-- AVAILABLE DATA follows --
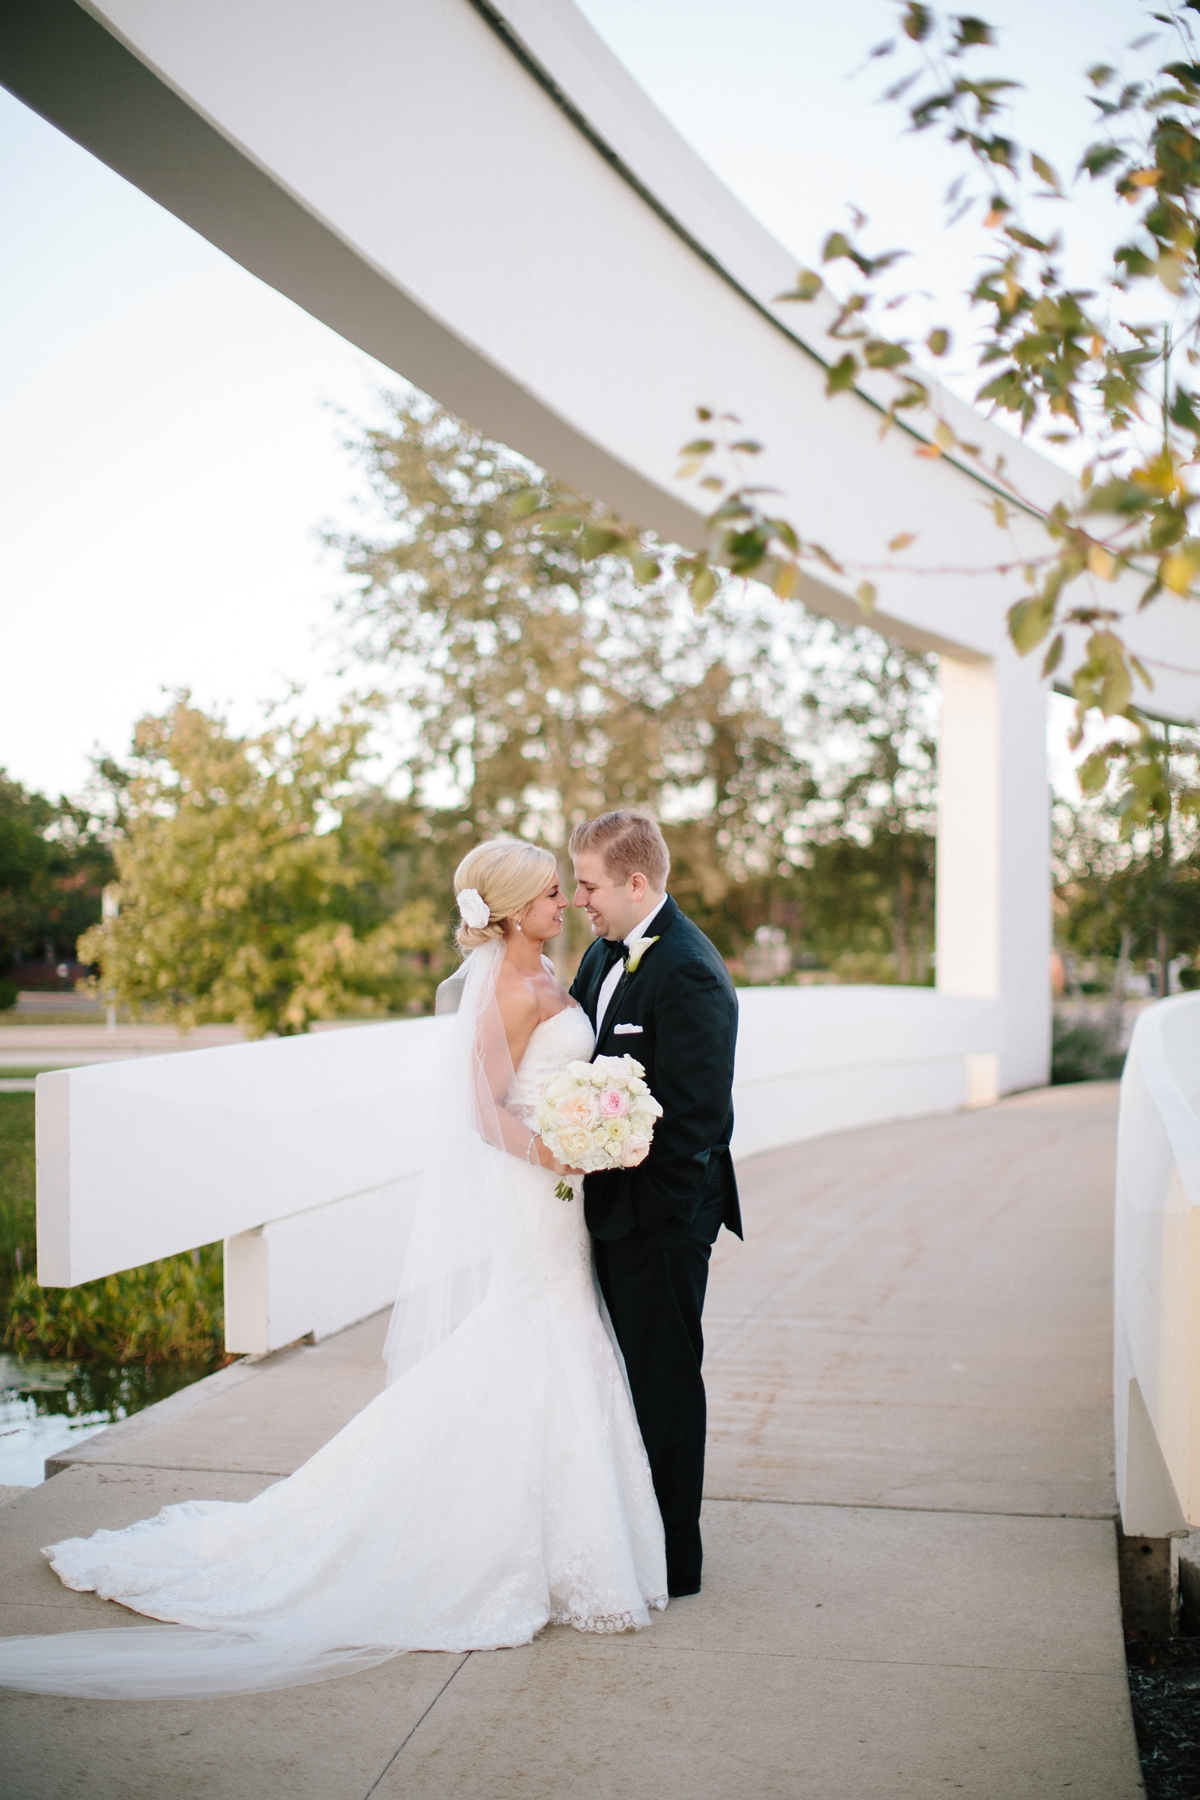 chciago_schaumbug_wedding_photographer_destination_0027.jpg
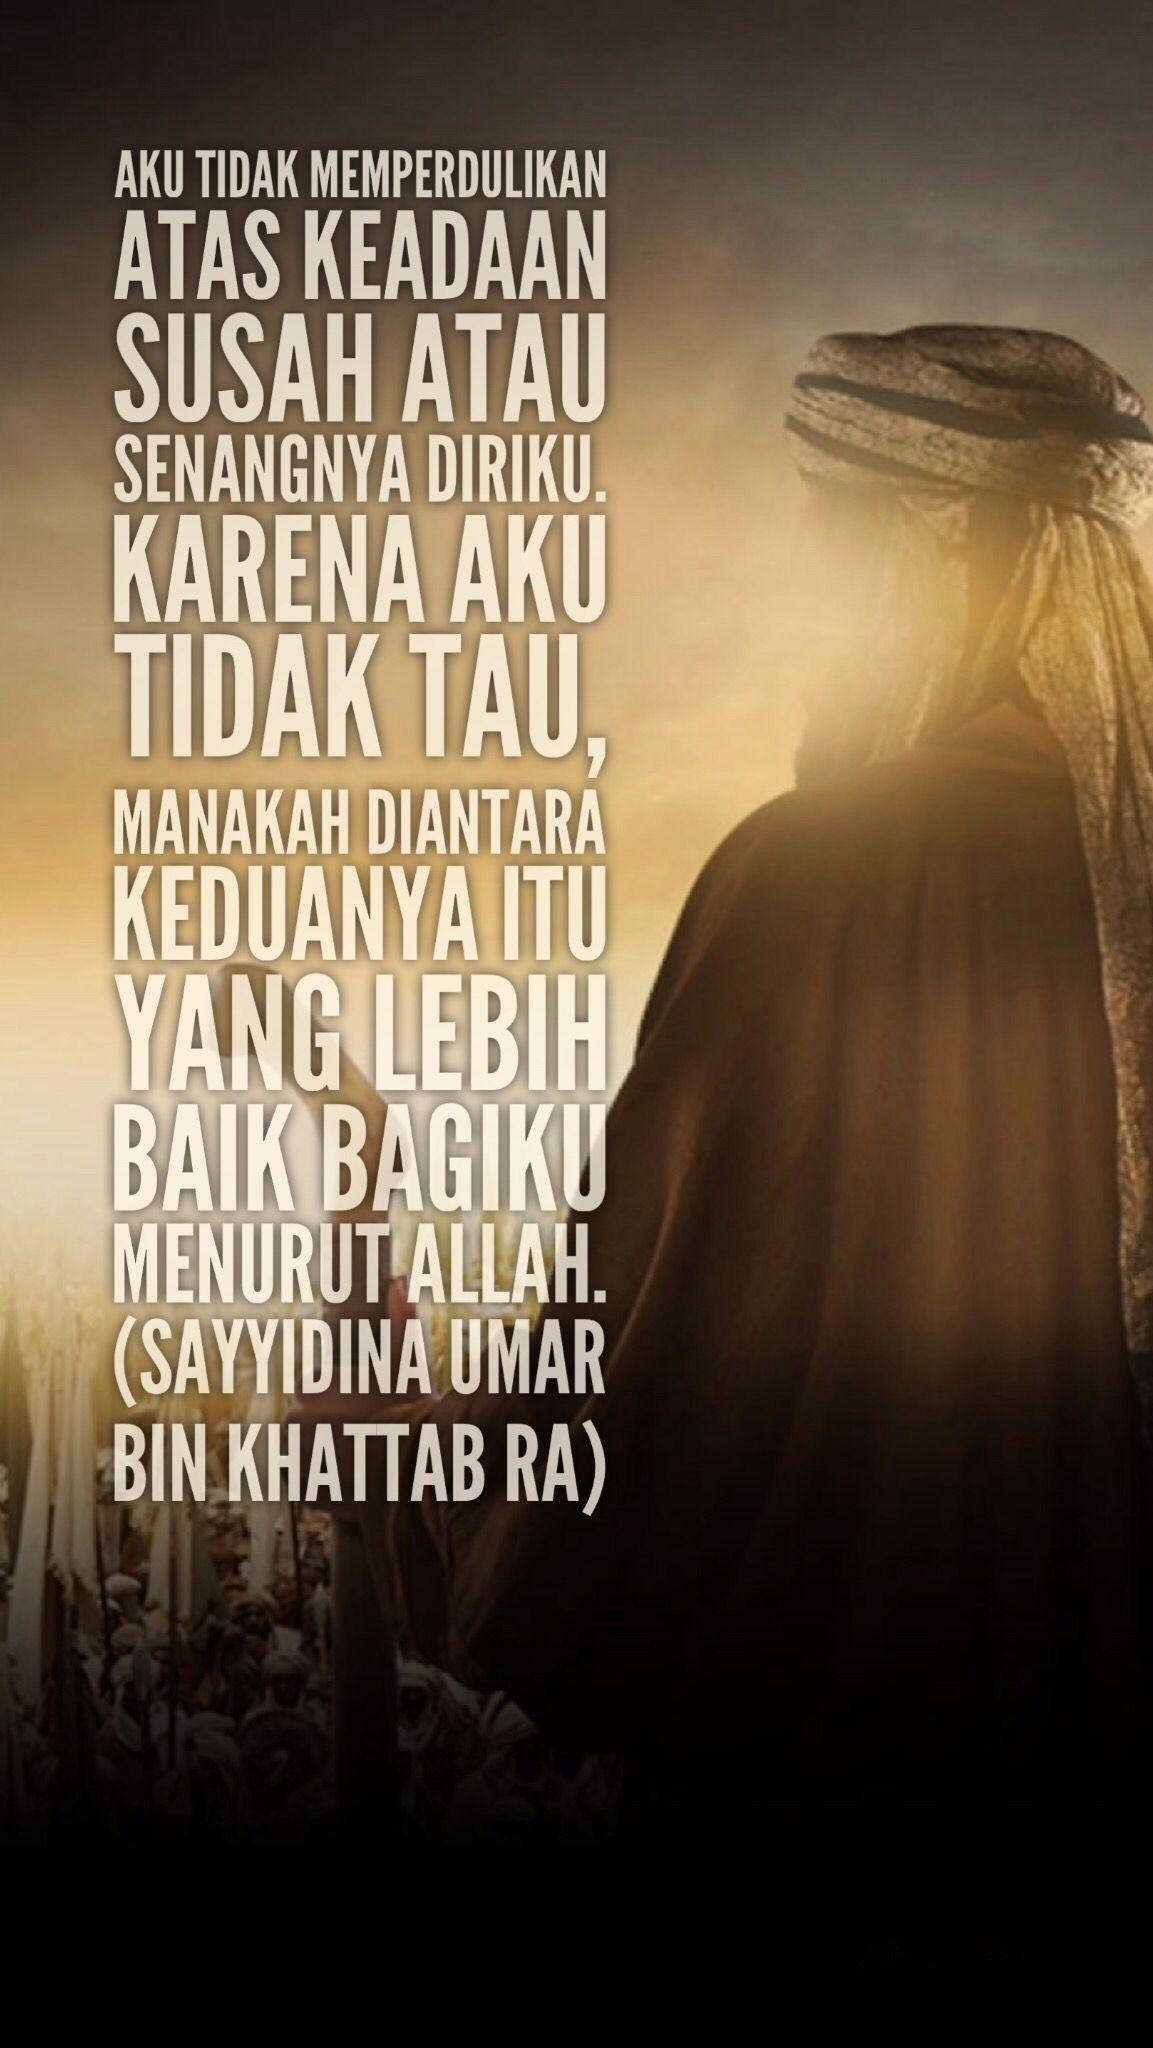 Quoteislam Umarbinkhattab Umar Barakallah Taqwalife Islamic
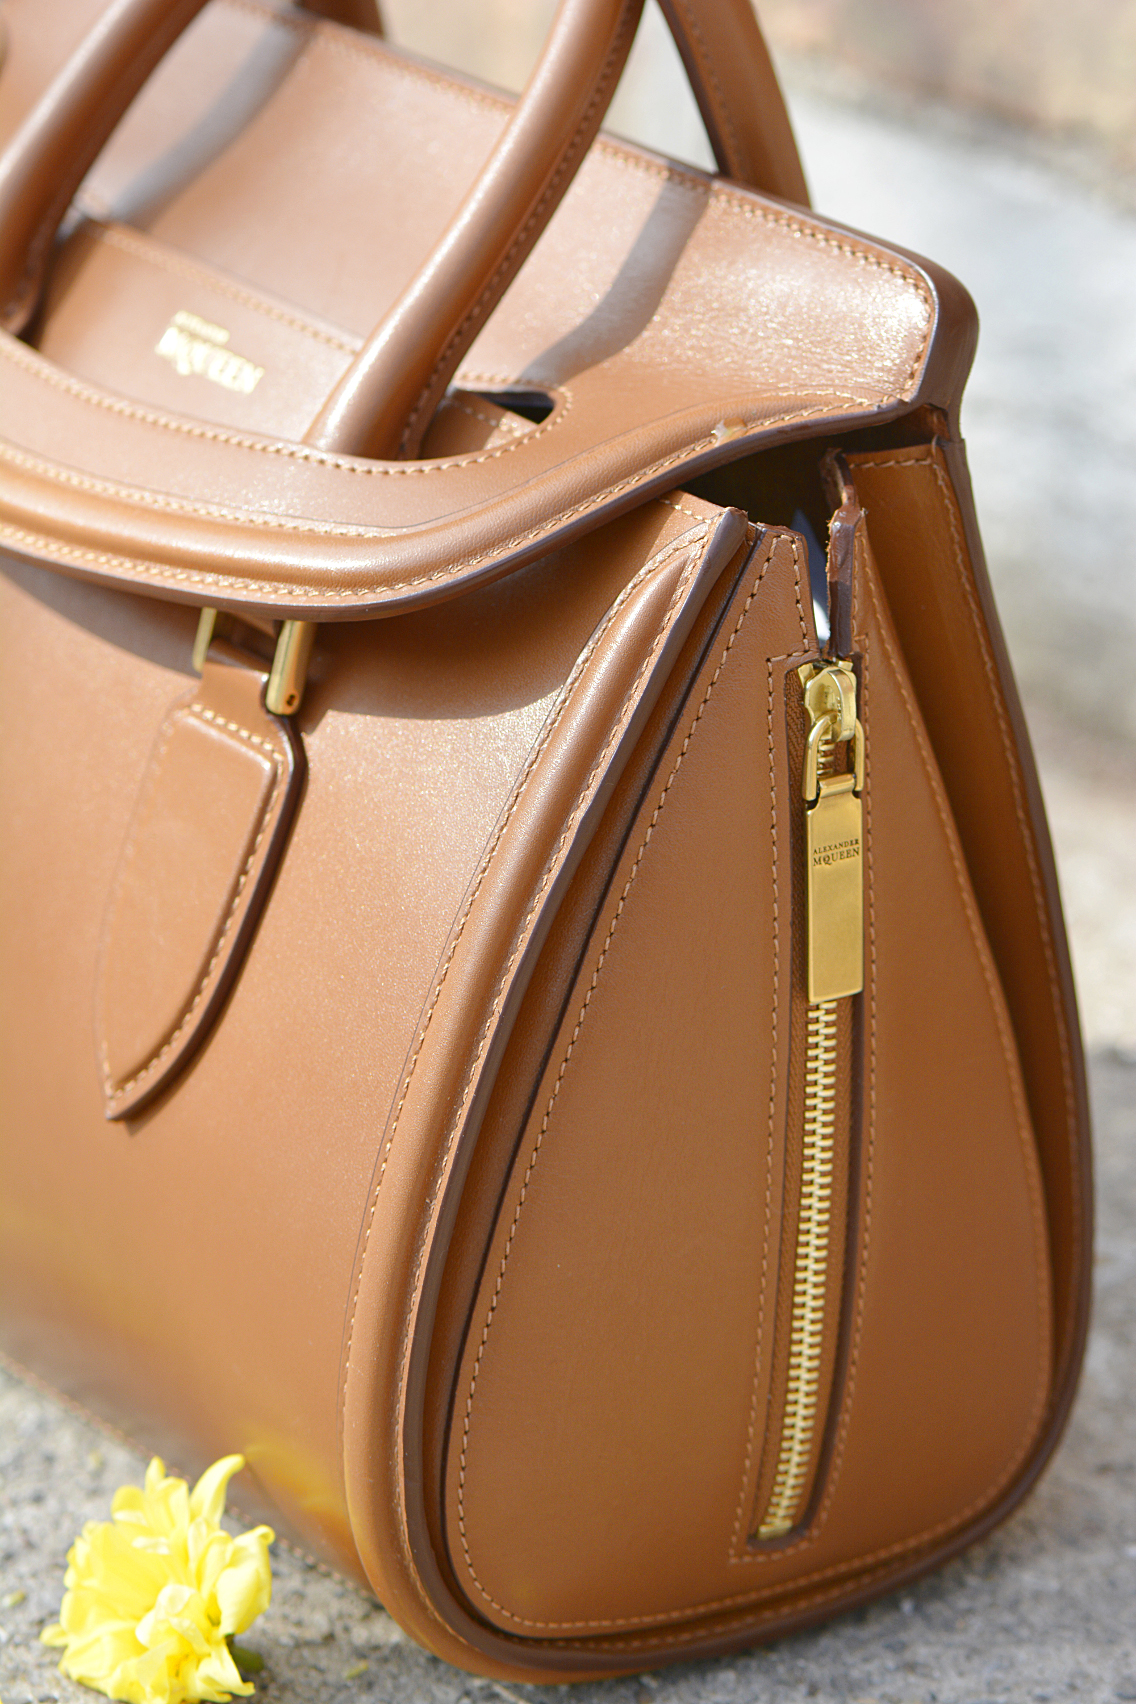 Alexander McQueen Small Heroine Bag Purse in Burnt Camel 15
-- AVAILABLE DATA concluded --
* [WHAT YOU ARE ASKED TO DO]
The entire listing above is to be copied exactly, with all pictures omitted.

* [WRITTEN RESPONSE]
 chciago_schaumbug_wedding_photographer_destination_0027.jpg
 Quoteislam Umarbinkhattab Umar Barakallah Taqwalife Islamic
 Alexander McQueen Small Heroine Bag Purse in Burnt Camel 15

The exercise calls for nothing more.